Aim of the task:
With the exception of the pictures, transcribe the entire listing exactly.

Dataset extract:
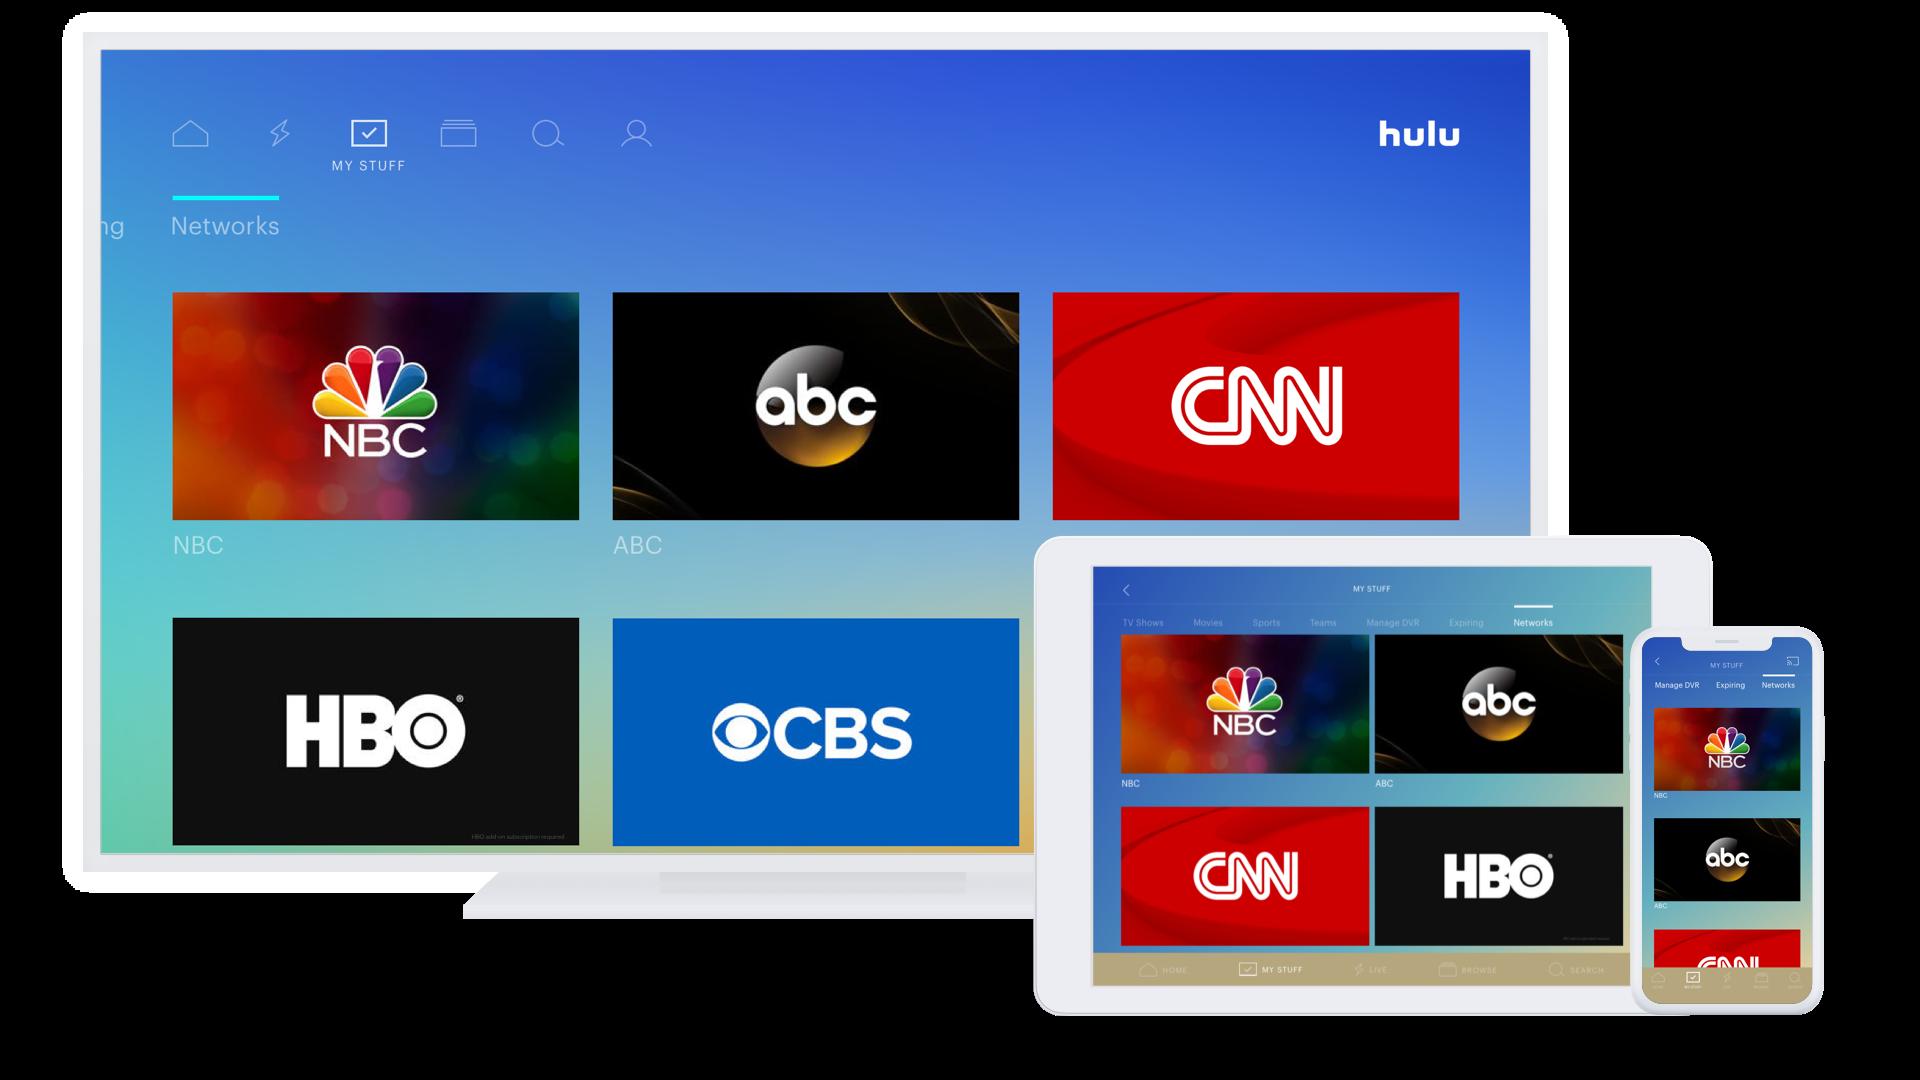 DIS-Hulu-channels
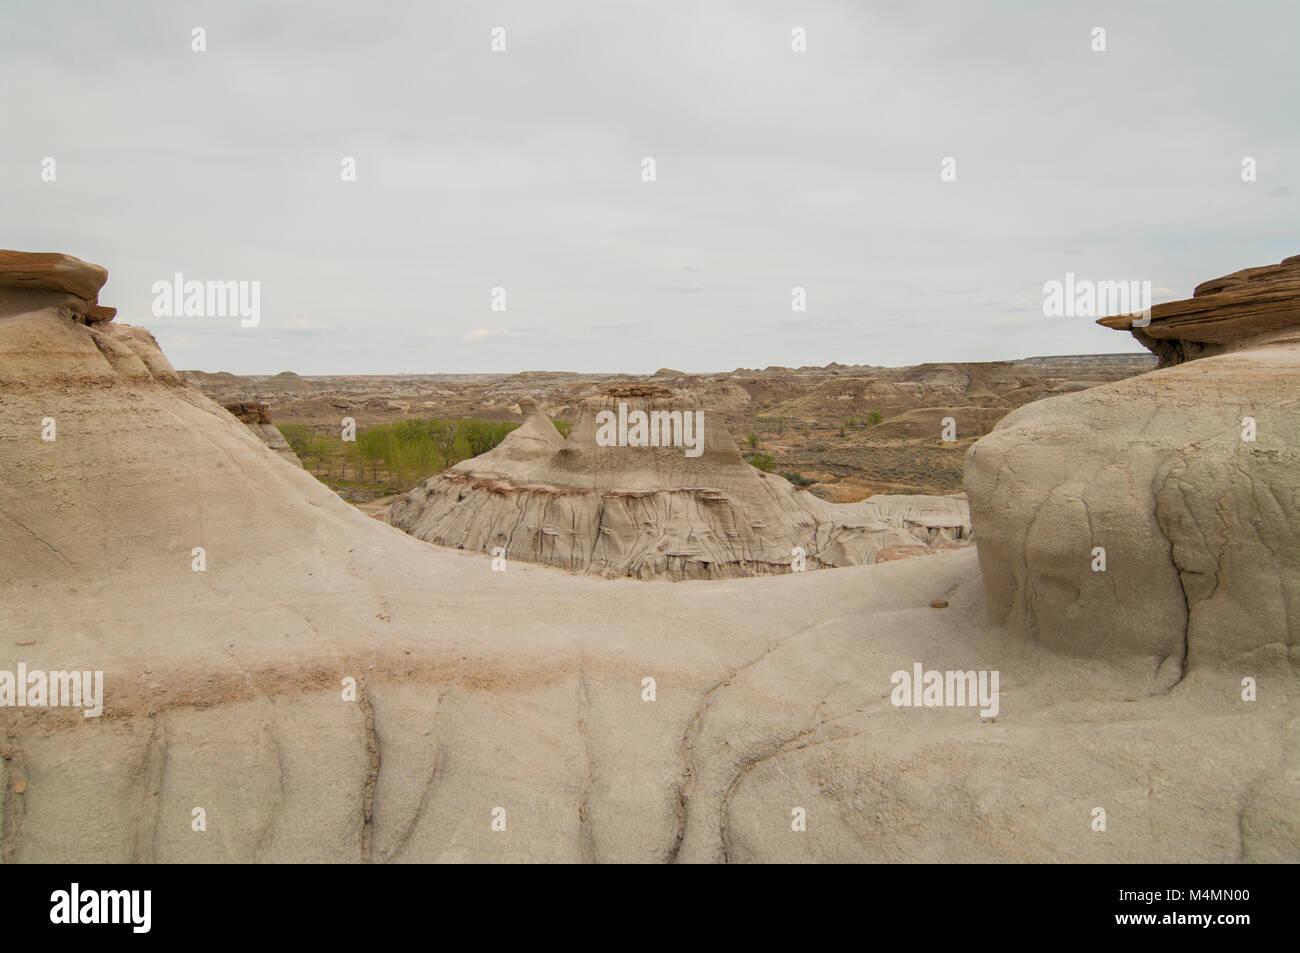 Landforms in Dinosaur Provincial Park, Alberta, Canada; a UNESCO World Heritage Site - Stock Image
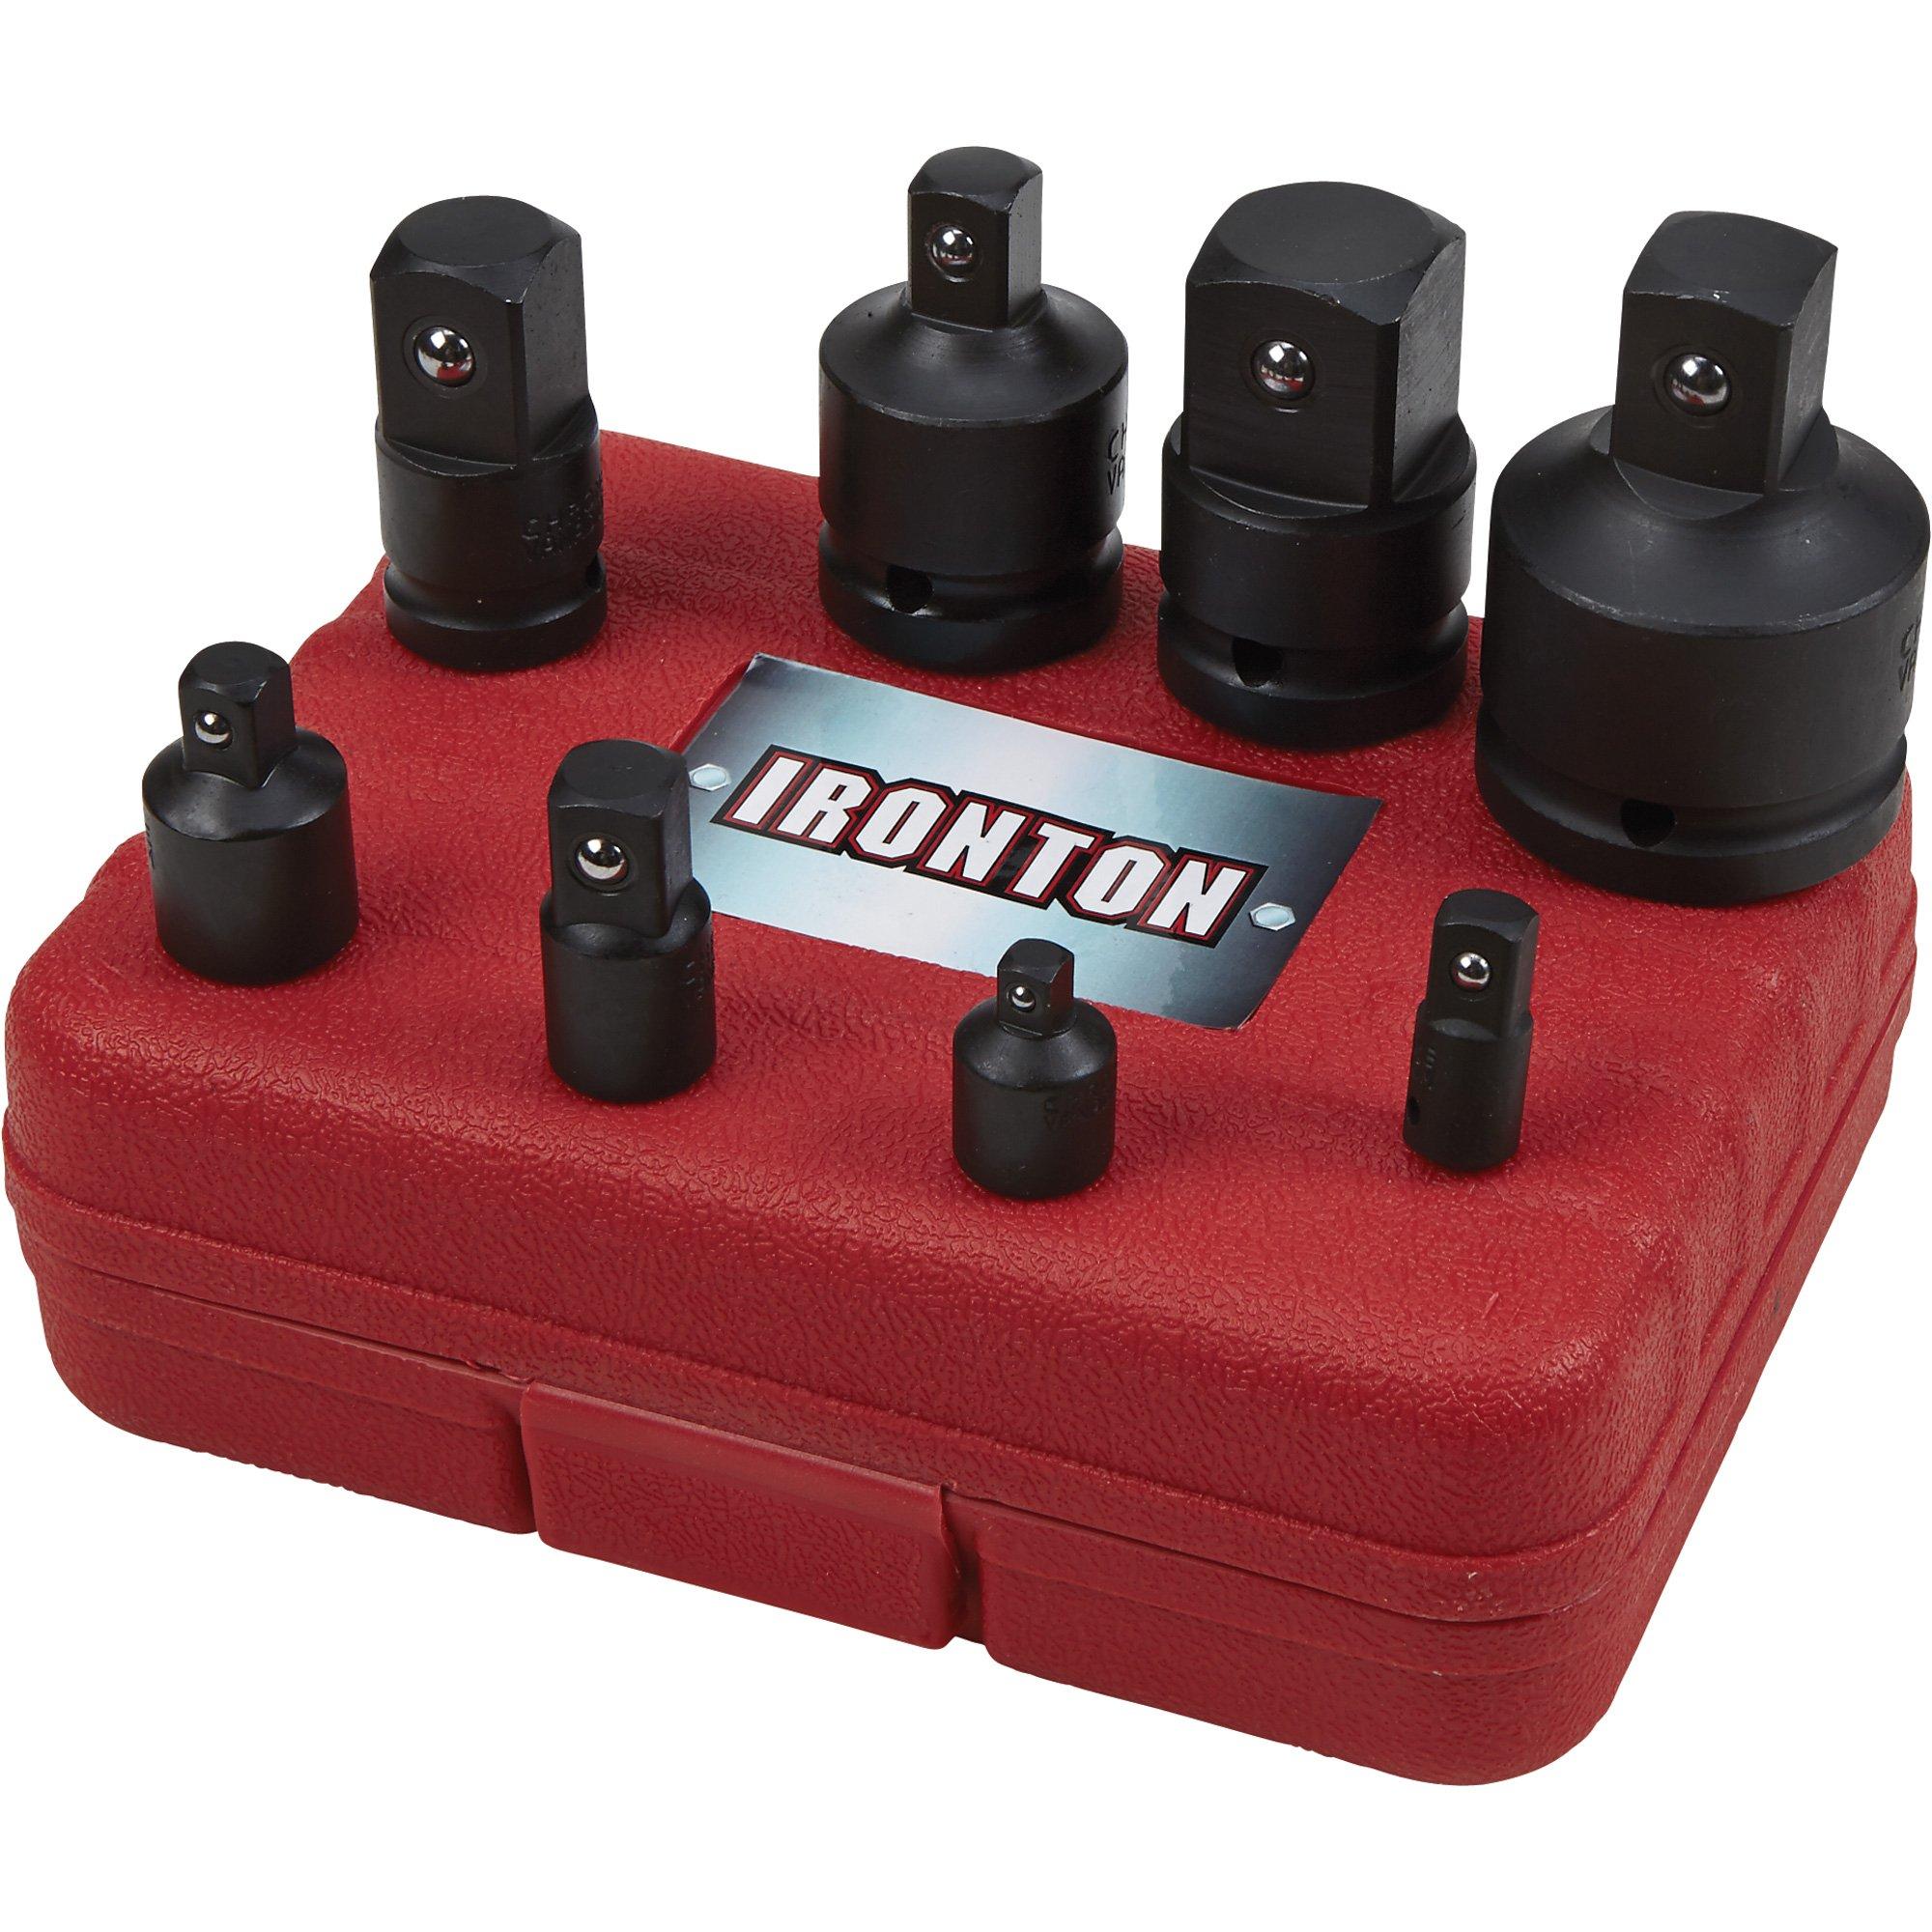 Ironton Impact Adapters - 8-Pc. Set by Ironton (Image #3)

Solution to this task:
 DIS-Hulu-channels
 Landforms in Dinosaur Provincial Park, Alberta, Canada; a UNESCO World Heritage Site - Stock Image
 Ironton Impact Adapters - 8-Pc. Set by Ironton (Image #3)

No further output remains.